┌──

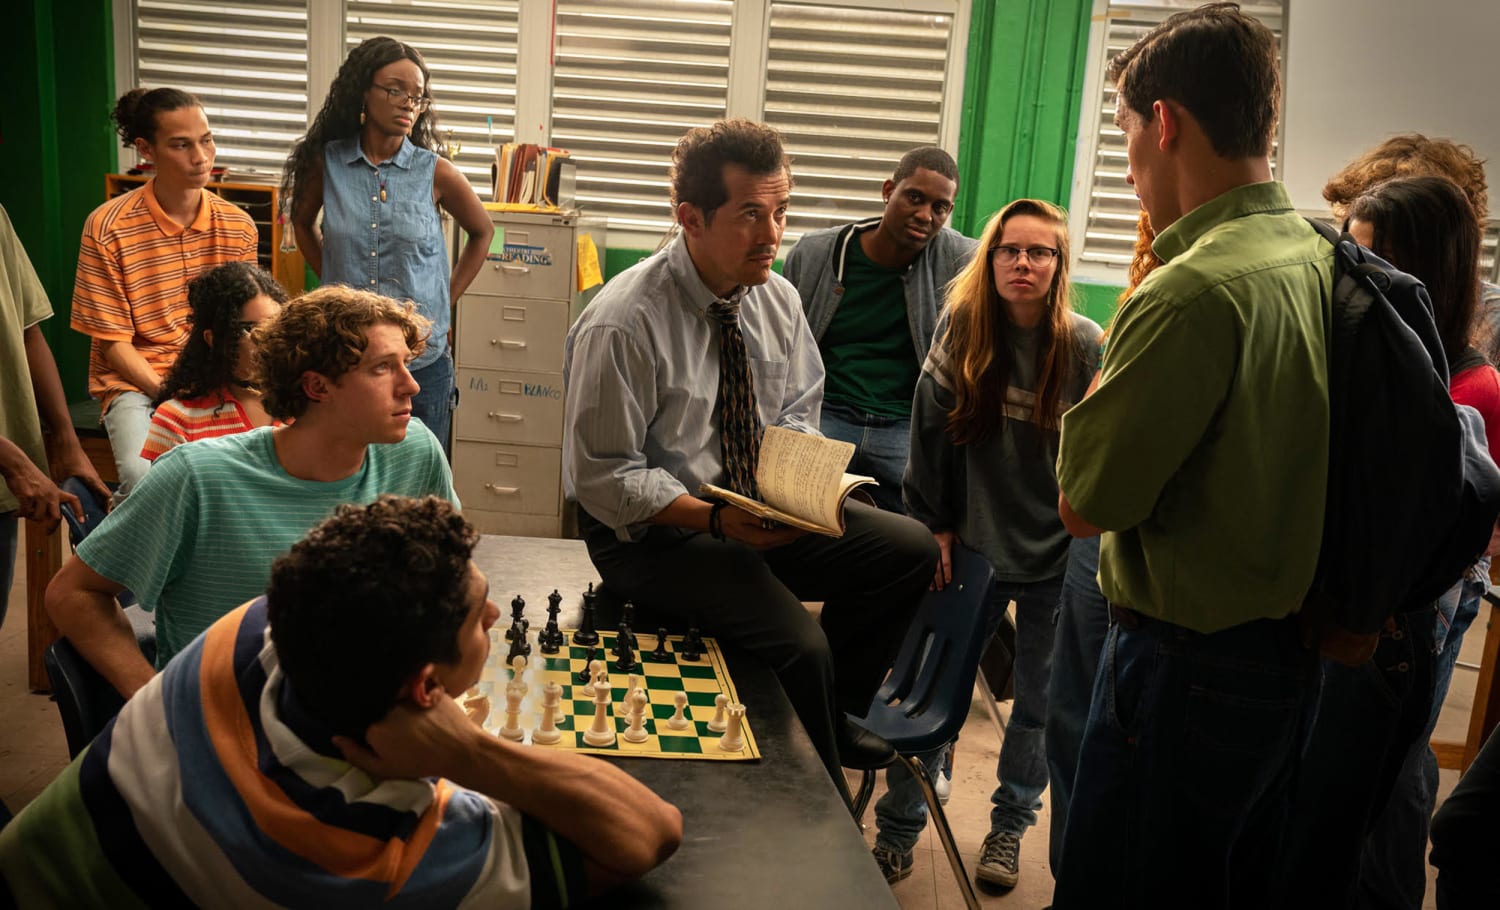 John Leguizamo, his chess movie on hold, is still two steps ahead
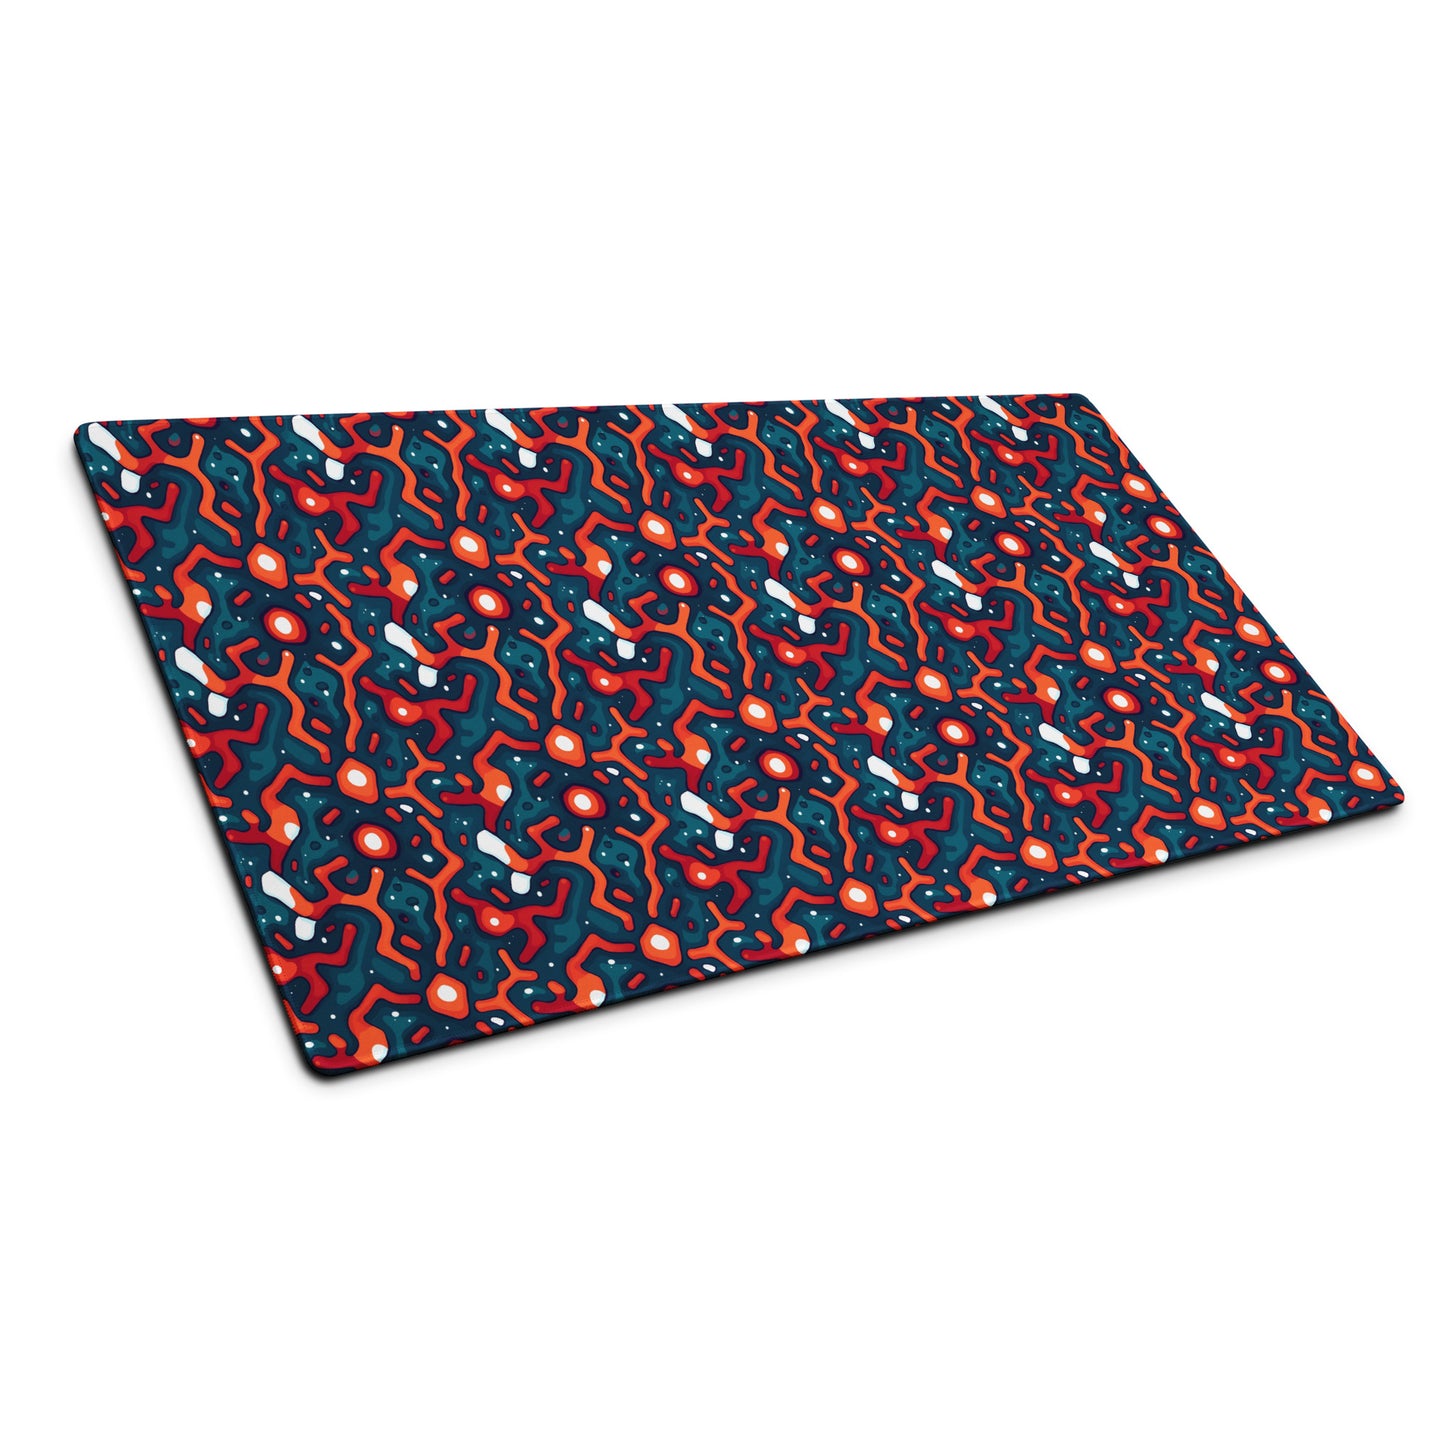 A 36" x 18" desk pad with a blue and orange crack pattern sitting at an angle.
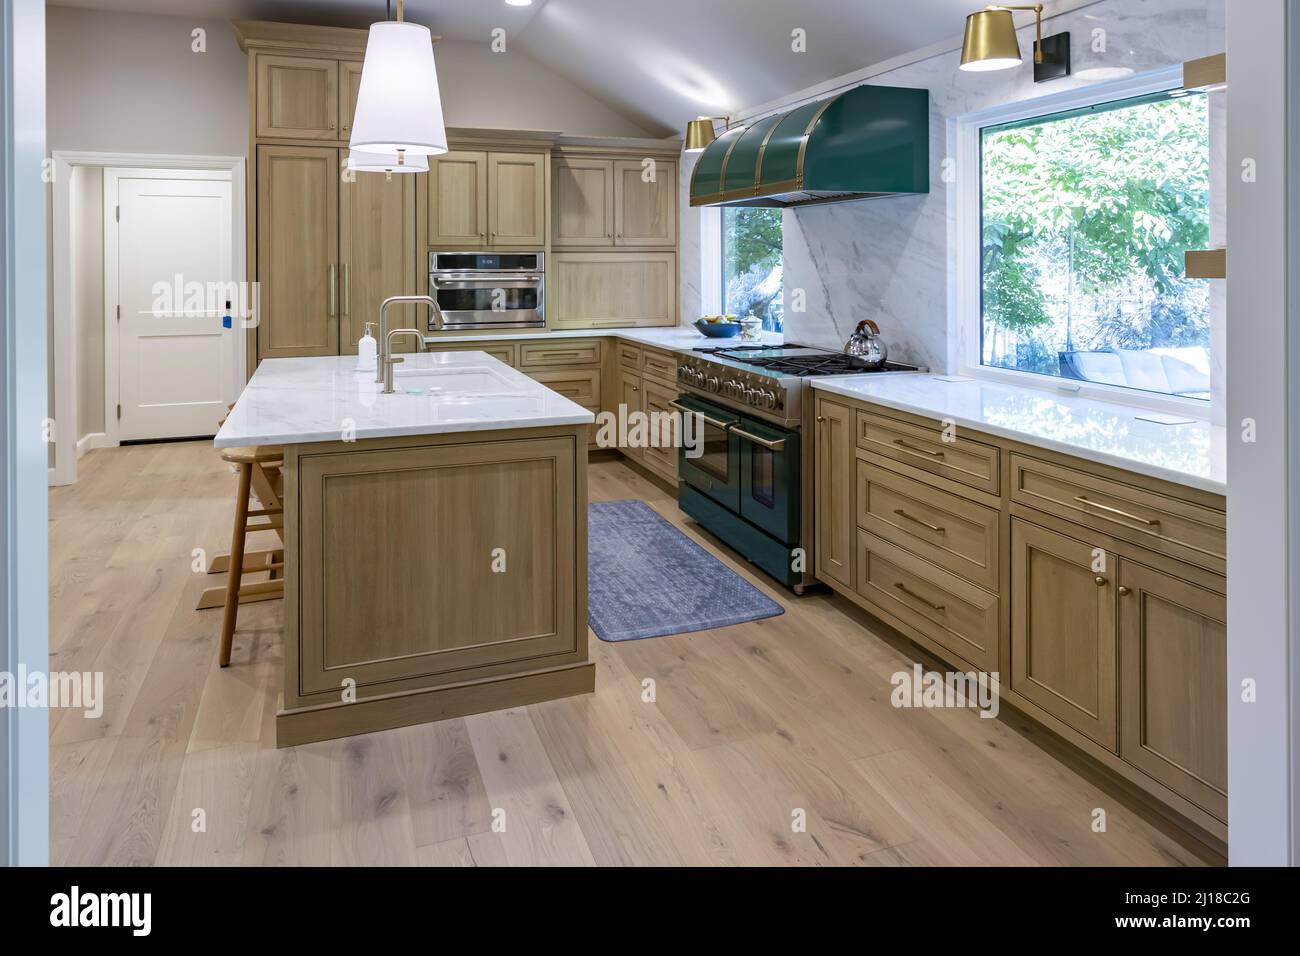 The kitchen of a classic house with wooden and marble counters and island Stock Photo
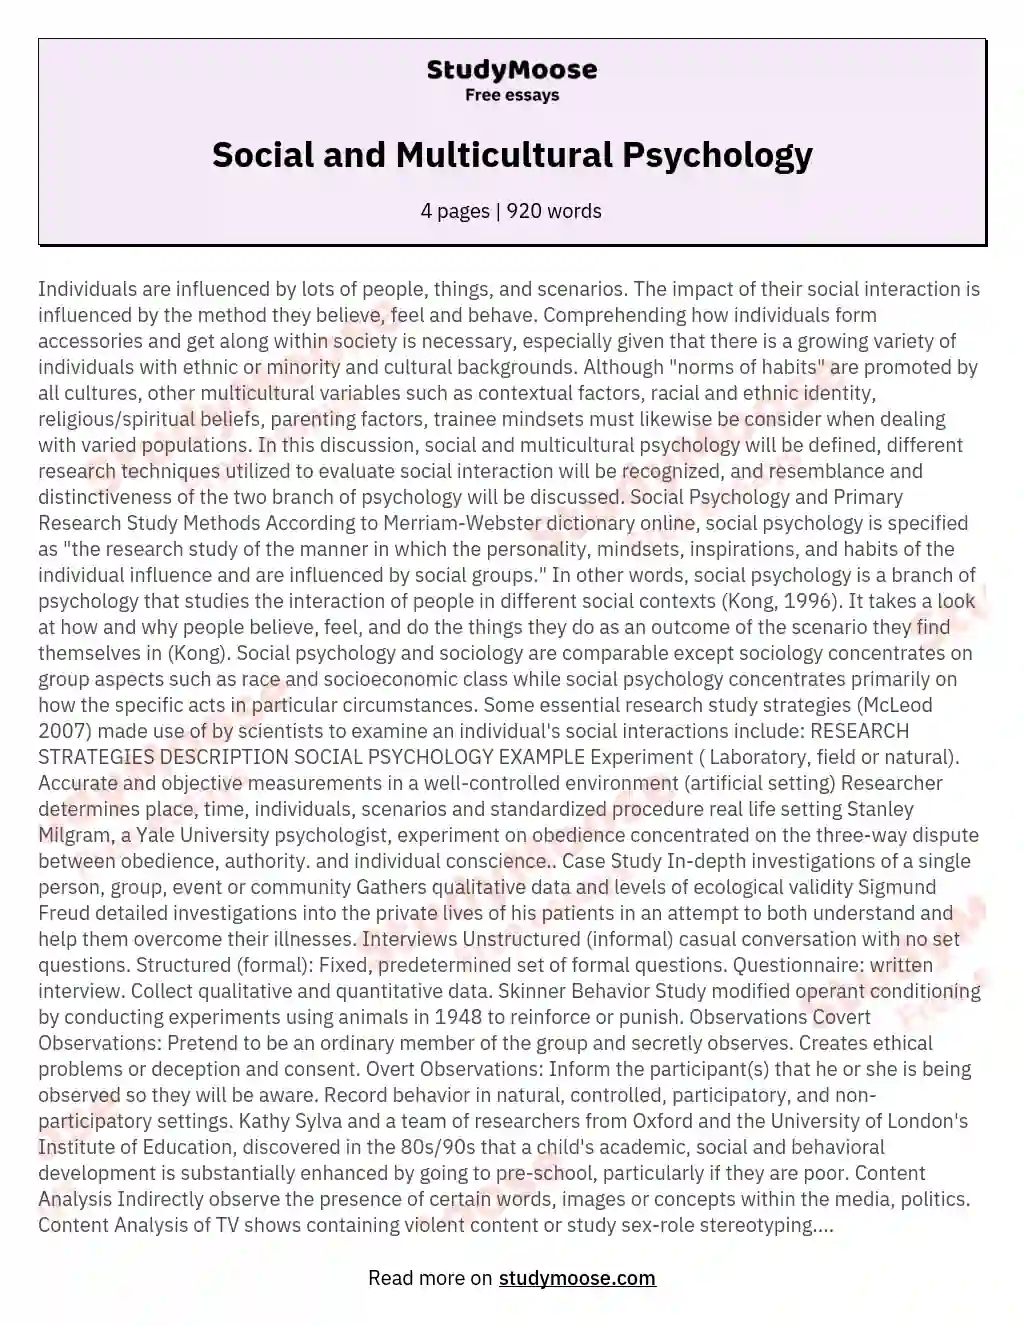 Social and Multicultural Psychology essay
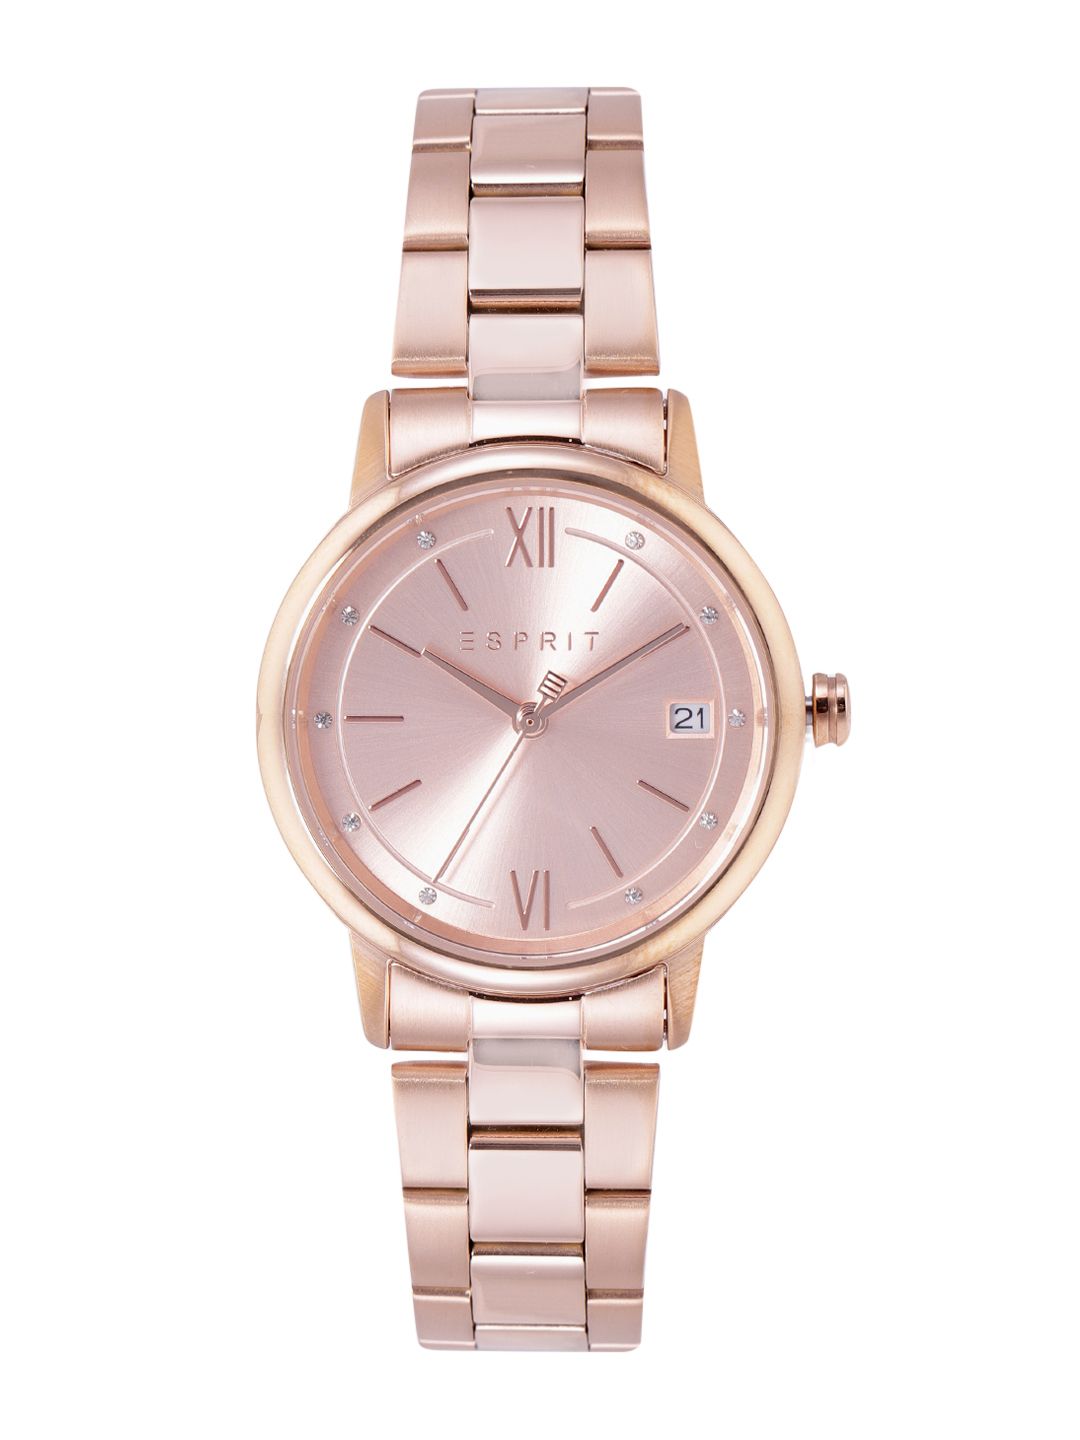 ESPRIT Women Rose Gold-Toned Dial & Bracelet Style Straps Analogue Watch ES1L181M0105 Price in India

└──

- **TASK GOAL**: A verbatim copy of the listing, with all pictures removed, is required.

- **REPLY TO THE EXERCISE**:
 John Leguizamo, his chess movie on hold, is still two steps ahead
 A 36" x 18" desk pad with a blue and orange crack pattern sitting at an angle.
 The kitchen of a classic house with wooden and marble counters and island Stock Photo
 Social and Multicultural Psychology essay
 ESPRIT Women Rose Gold-Toned Dial & Bracelet Style Straps Analogue Watch ES1L181M0105 Price in India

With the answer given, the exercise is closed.